Author Kate Evans is a Spanish speaker who has travelled extensively in South America, starting with an unpaid internship at English-language newspaper The Argentimes in 2007.

Her 10-year journey to discover the origins of the feijoa began when she returned to New Zealand after 12 years away. Reunited with her beloved feijoa, Kate began to wonder how a fruit from South America had come to represent the taste of home for so many devoted Kiwis.

Talking to scientists, historians and horticulturalists, Kate's journey began in Uruguay in 2014 where she met Laura Rosano at her chacra Ibira Pitá, a small farm where she grows many native fruits, including feijoas—part of her one-woman mission to revive and promote a national cuisine for Uruguay. 

In 2019, she travelled to Florianópolis in the south of Brazil to meet geneticist and feijoa scientist Rubens Nodari. He and his students took Kate to a 1000-year-old archaeological site in the highlands of Santa Catarina, which they believe is the evolutionary centre of origin for the feijoa.

The Southern Jê first arrived there over 4000 years ago, and evidence suggests the feijoa formed part of their diet.
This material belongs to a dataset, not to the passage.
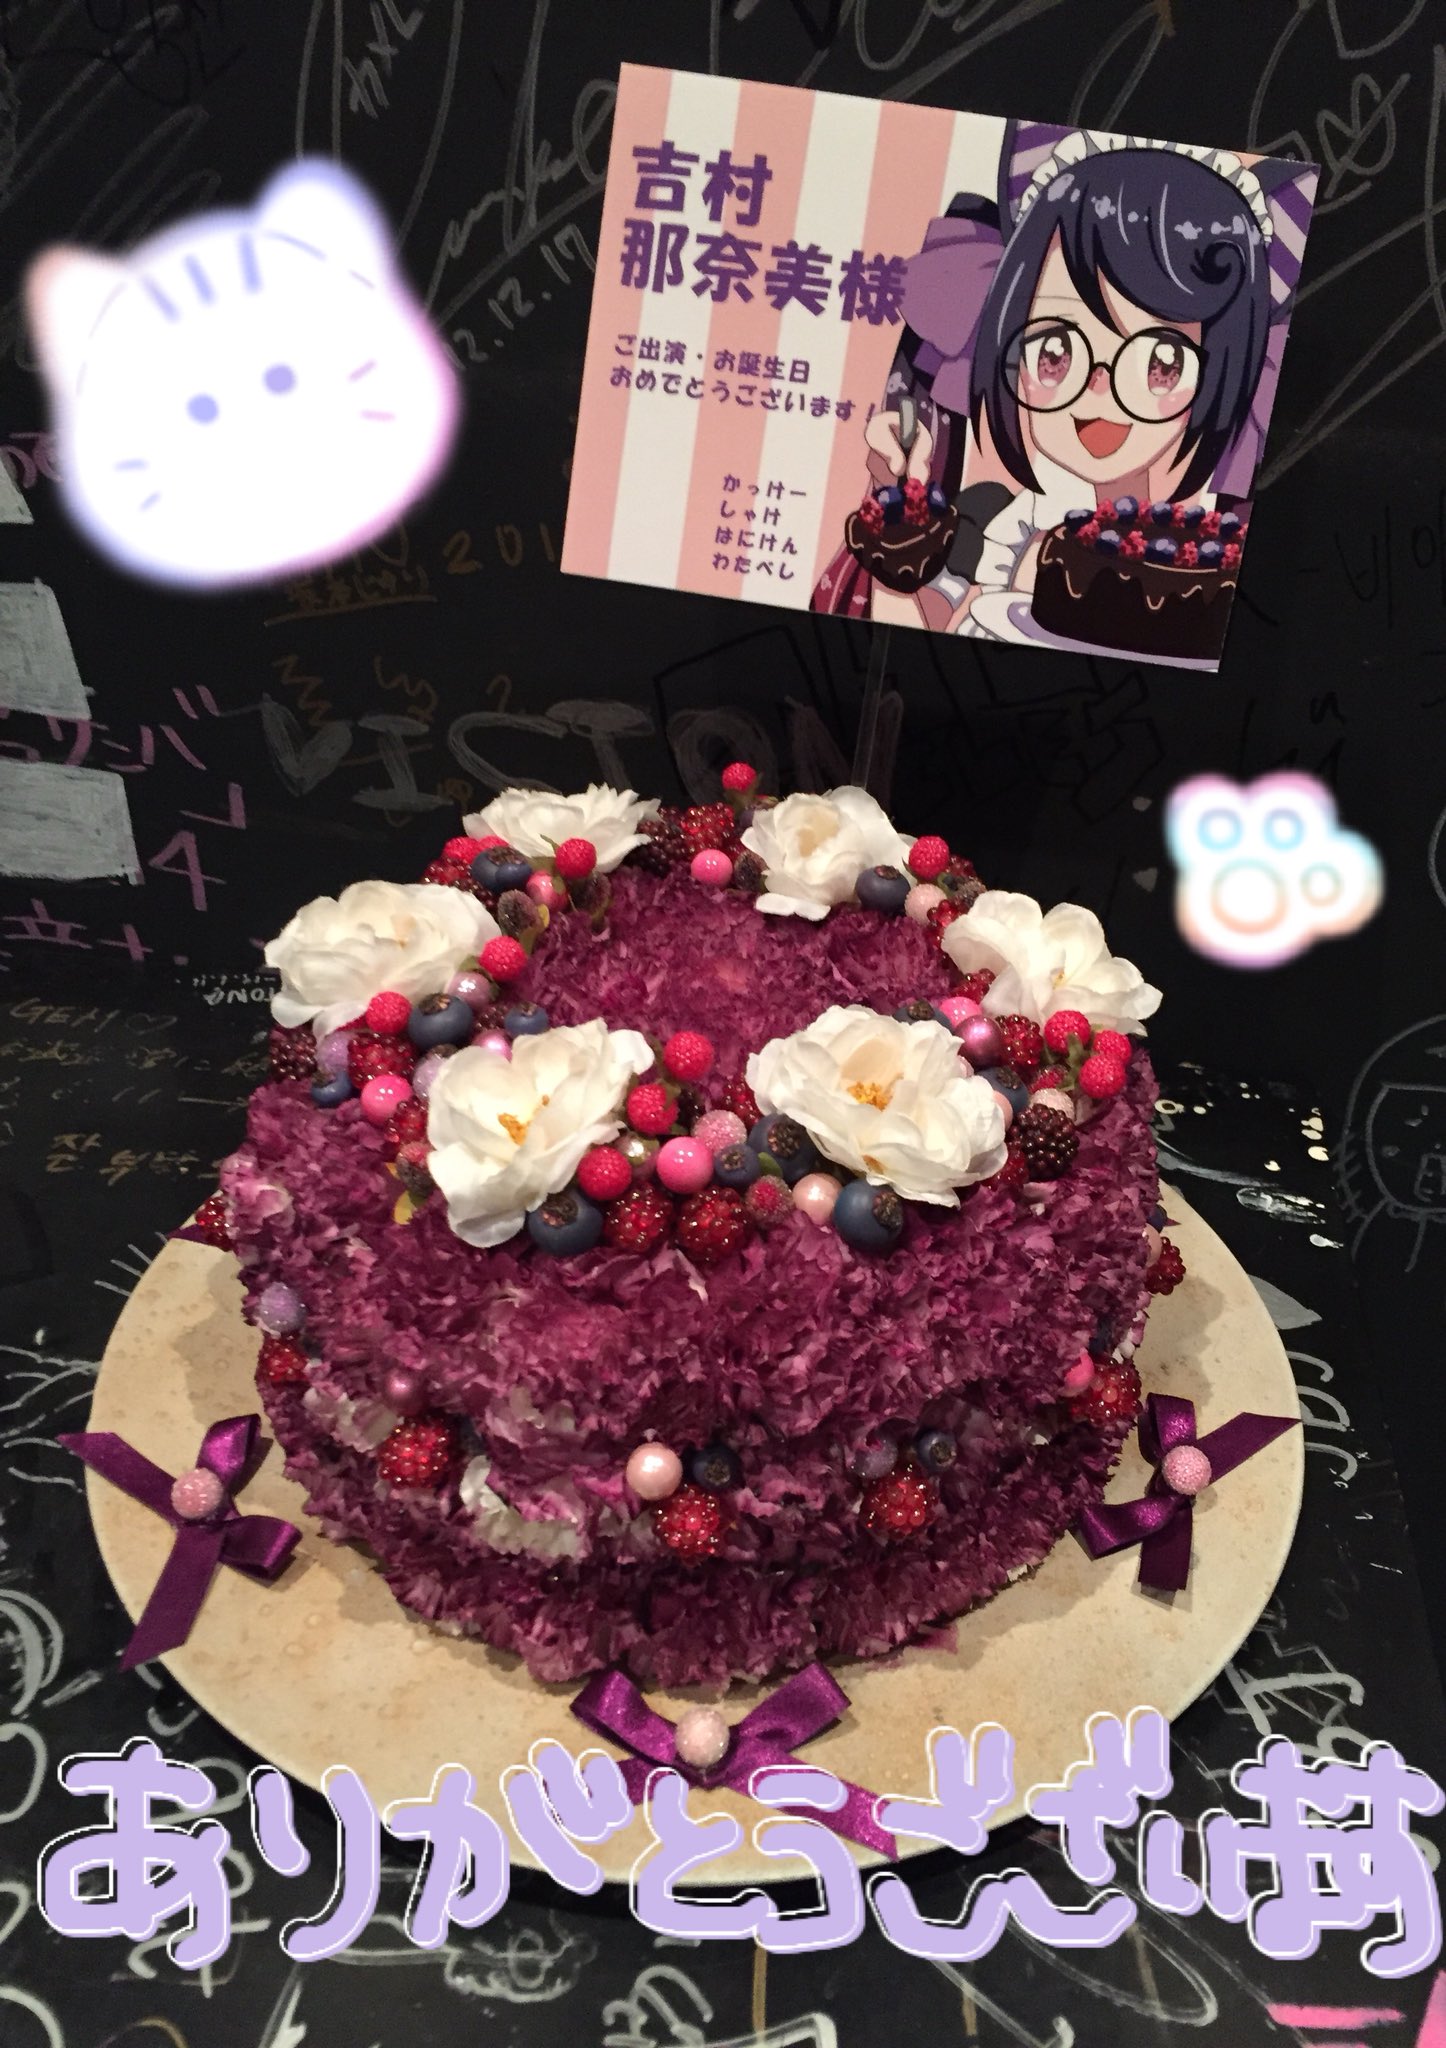 吉村那奈美 Twitter પર ケーキ型のお花をいただきました 紫色のケーキ ベリー系がたくさんで 上に飾られてる白いお花も素敵 かわいいイラスト Amp お花ありがとうございます ほたるちゃんにあーん してもらえるなら 吉村はケーキ頑張って食べるよ

Their indigenous descendants still eat and use feijoas medicinally today. So do Afro-Brazilian communities like the Santa Catarina quilombo Invernada dos Negros, which Kate visited, learning about the traditional uses and meanings the feijoa has there.

Next, she attended the annual Festival de la Feijoa hosted by Tibasosa, a small town in the Colombian Andes, where she served as the celebrity judge of the feijoa desserts competition. She also toured feijoa farms around Bogotá with a Colombia’s ‘Mr Feijoa’, and learned about the plant’s fascinating response to the tropical climate: it fruits and flowers all year round. To complete the story, she continued to Berlin, the French Riviera, California and of course, New Zealand.

Feijoa includes six of the many recipes shared with Kate during her travels - including corn tamales with caramelized feijoas sold at the feijoa festival in Colombia, Laura Rosano’s feijoa mousse, and an Afro Brazilian feijoa jam shared by Elizabete Aparecida de Lima from the quilombo.

Kate is an award-winning journalist and regular contributor to New Zealand Geographic. She received research funding from Creative New Zealand, and the Winston Churchill Memorial Trust for her research of this book about the connection between people and plants, between cultures and across disciplines.

She hopes to one day lead a tour to Colombia’s Festival de la Feijoa to strengthen and maintain those links.   

Published 16 May 2024

“Latin America has been a part of my soul since I first visited in my early twenties. I feel so alive when I’m there—and it meant so much to discover this overlooked point of connection between New Zealand and Uruguay, Colombia and Brazil.”
Kate Evans

Feijoa by Kate Evans. 2024.

The People's Fruit. New Zealand Geographic 2020.

Kate judging a feijoa competition in Colombia, 2019.

Cecilia Salamanca de Ramírez Duitama, Colombia.

Watercolour by @beth.loves.feijoa

Kate Evans

Feijoa by Kate Evans. 2024.

The People's Fruit. New Zealand Geographic 2020.

Kate judging a feijoa competition in Colombia, 2019.

Cecilia Salamanca de Ramírez Duitama, Colombia.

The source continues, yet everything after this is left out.